Due to the hype and rapid growth of Big Data Engineering and Data Science, it seems many companies and practitioners have gotten so excited by hiring, building infrastructure, fashionable models and shiny technology that one crucial part of the field seems to be missing - delivery. I hear of countless stories, in both small & large companies, where teams are built, clusters bought, prototype algorithms written and software is installed, but it then takes months or even longer to deliver working data driven applications, or for insights to be acted on. Hype is thick in the air but delivery is thin on the ground.
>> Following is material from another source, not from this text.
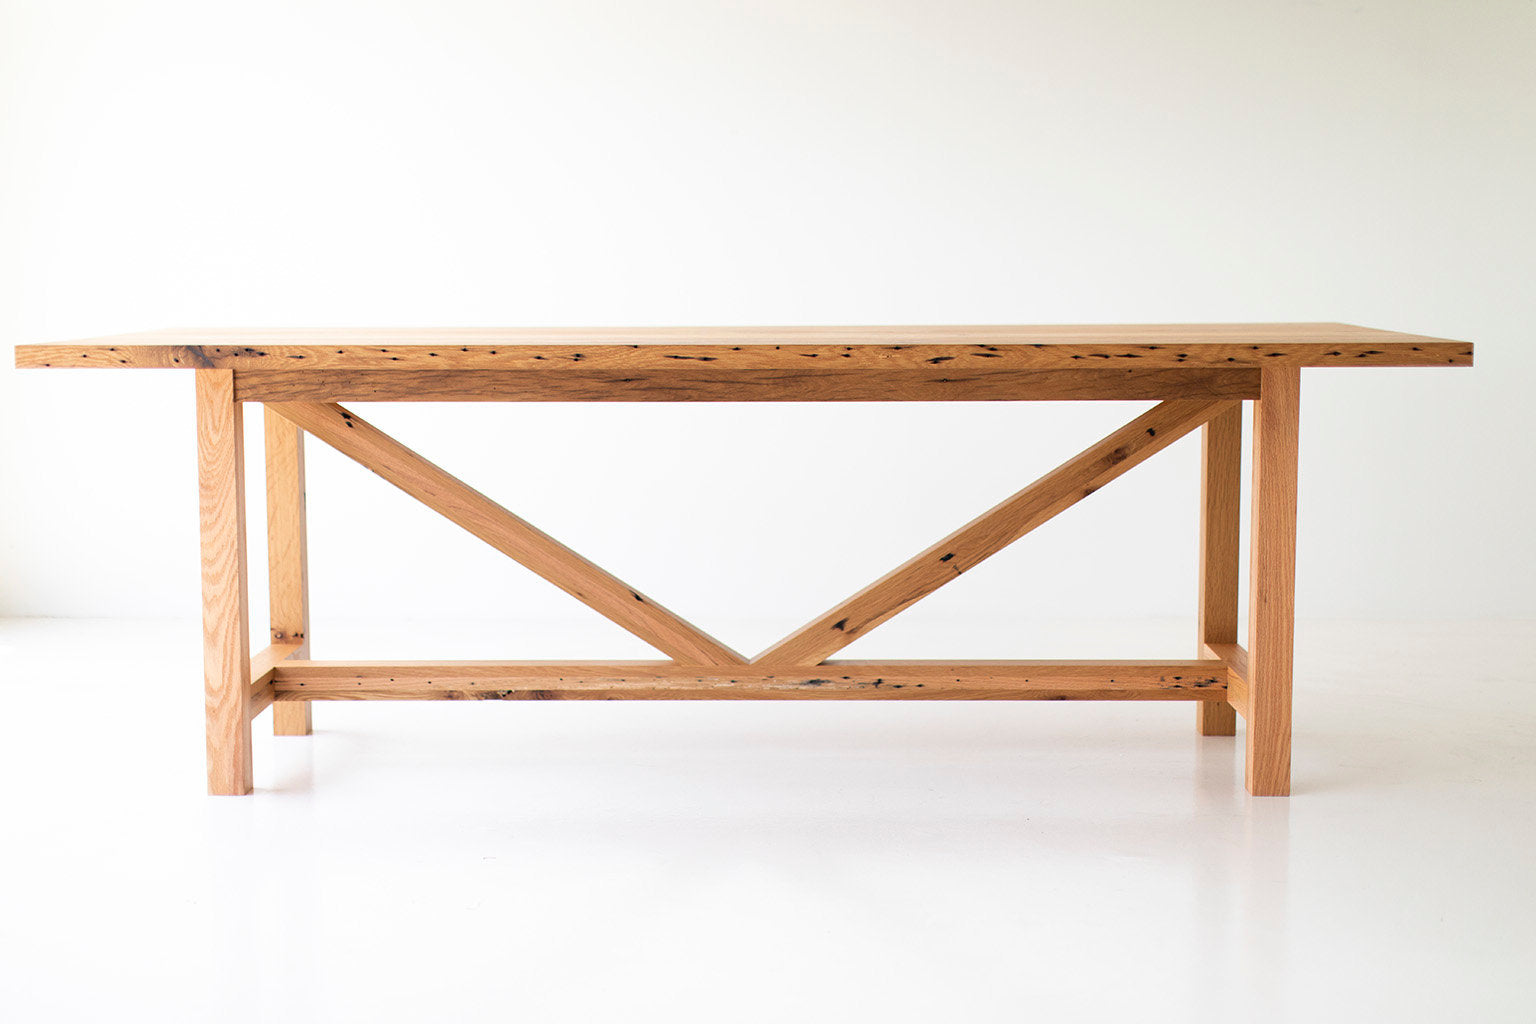 The Farmhouse Dining Table - 0618 - Reclaimed Oak

The review and related blogs correctly point out that we should focus on AI applications, that is automation. My addition is that these applications can not always be easily bought in for many domains. In such cases they should be built in-house and the builders ought to be Agile Big Data Engineers and Data Scientists that understand the importance of weekly or fortnightly iteration. The title of Data Scientist is not dead, but keeping Data Science alive will mean shifting the focus of the Data Scientist away from hacking, ad hoc analysis and prototyping and on to high quality code, automation, applications and Agile methodologies. Let's remember the technology industry has a habit of finding ways to automate the job of those that lack the imagination to transition to automators, i.e. those that cannot be scaled.
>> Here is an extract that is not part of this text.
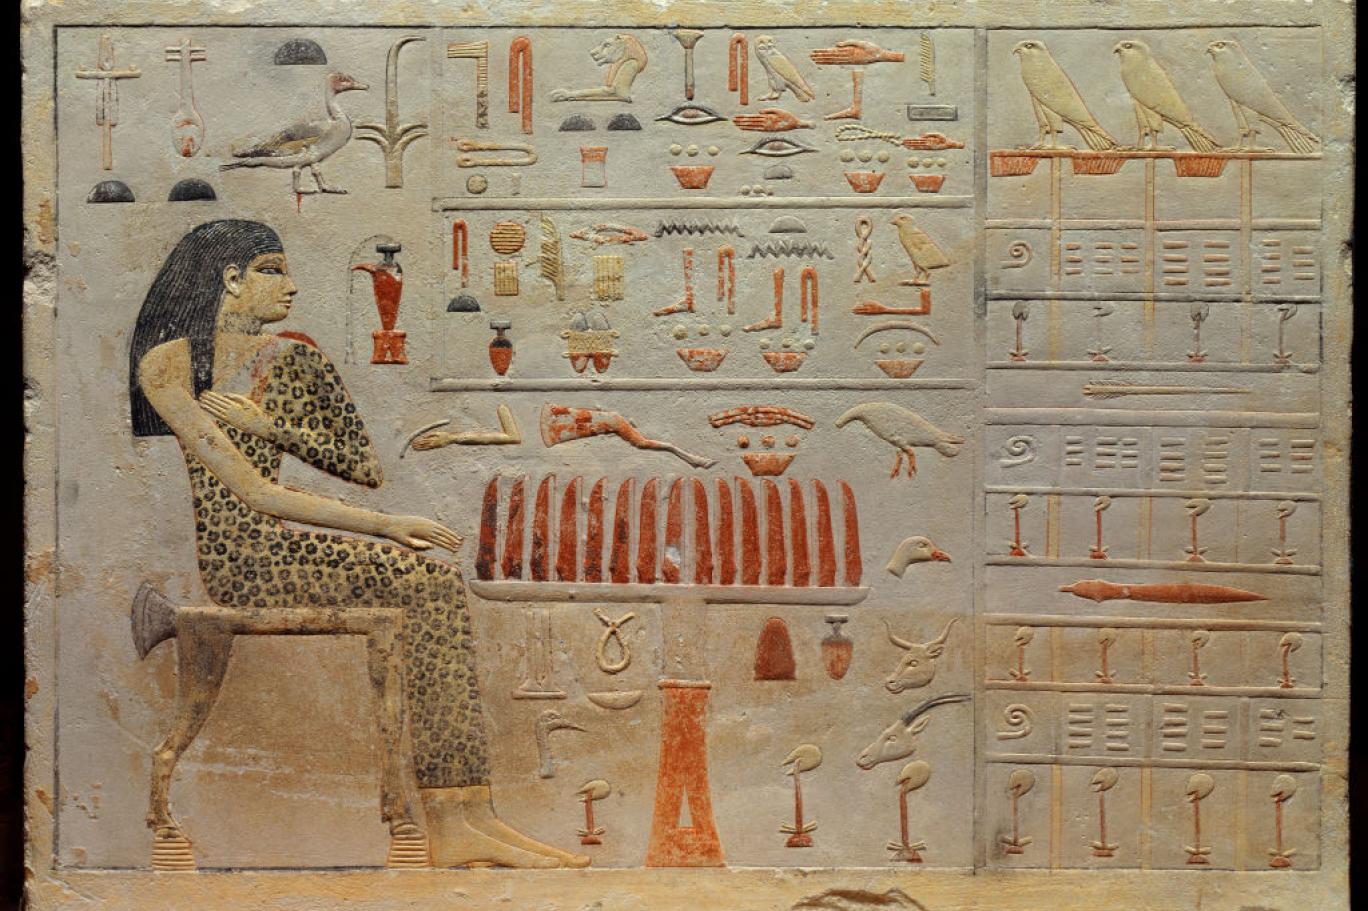 انتهى العصر الفرعوني على يد

Why Agile methodologies are so lacking in Data Science and Big Data is confusing. Perhaps it's the age of the industry? To be frank I believe a smidgen of elitism aims to distinguish the industries from regular software development as though the practices and principles are beneath the concerns of mighty data minds. One other issue seems to be a big misconception that "exploratory" work precludes frequent iteration over automated end to end applications, that is Data Scientists claims they need to "explore" for a month or two before they can deliver. This I see as ironic since the tension between exploratory work and continuous delivery is exactly what Agile solves. Finally another recurring misconception is that the day to day practices of Agile, like tests, automation, clean code and clean structure are "time consuming" and will slow down "exploratory" work. This is also ironic since again Agile aims to make exploratory work faster and less laborious. Hopefully the details of my posts will flesh out why these objections are misconceptions.
Automatic tests are absolutely critical in correctly practicing Agile, and from TDD evolved more acronyms and terms than many Data Scientists have written tests; TDD, BDD, DDD, ATDD, SDD, EDD, CDD, unit tests, integrations tests, black box tests, end-to-end tests, systems tests, acceptance tests, property based tests, example based tests, functional tests, contract based tests, etc. At a glance things like interactive work, long running jobs, unclear objectives, peculiar development environments, etc preclude *DD approaches. Nevertheless, if one strips away the unnecessary verbosity of *DD the remaining core can easily accommodate such problems.
Sometimes Data Science can feel like academia except much better paid. So until the bubble bursts, which still doesn't seem to be any time soon, should we just have as much fun as possible?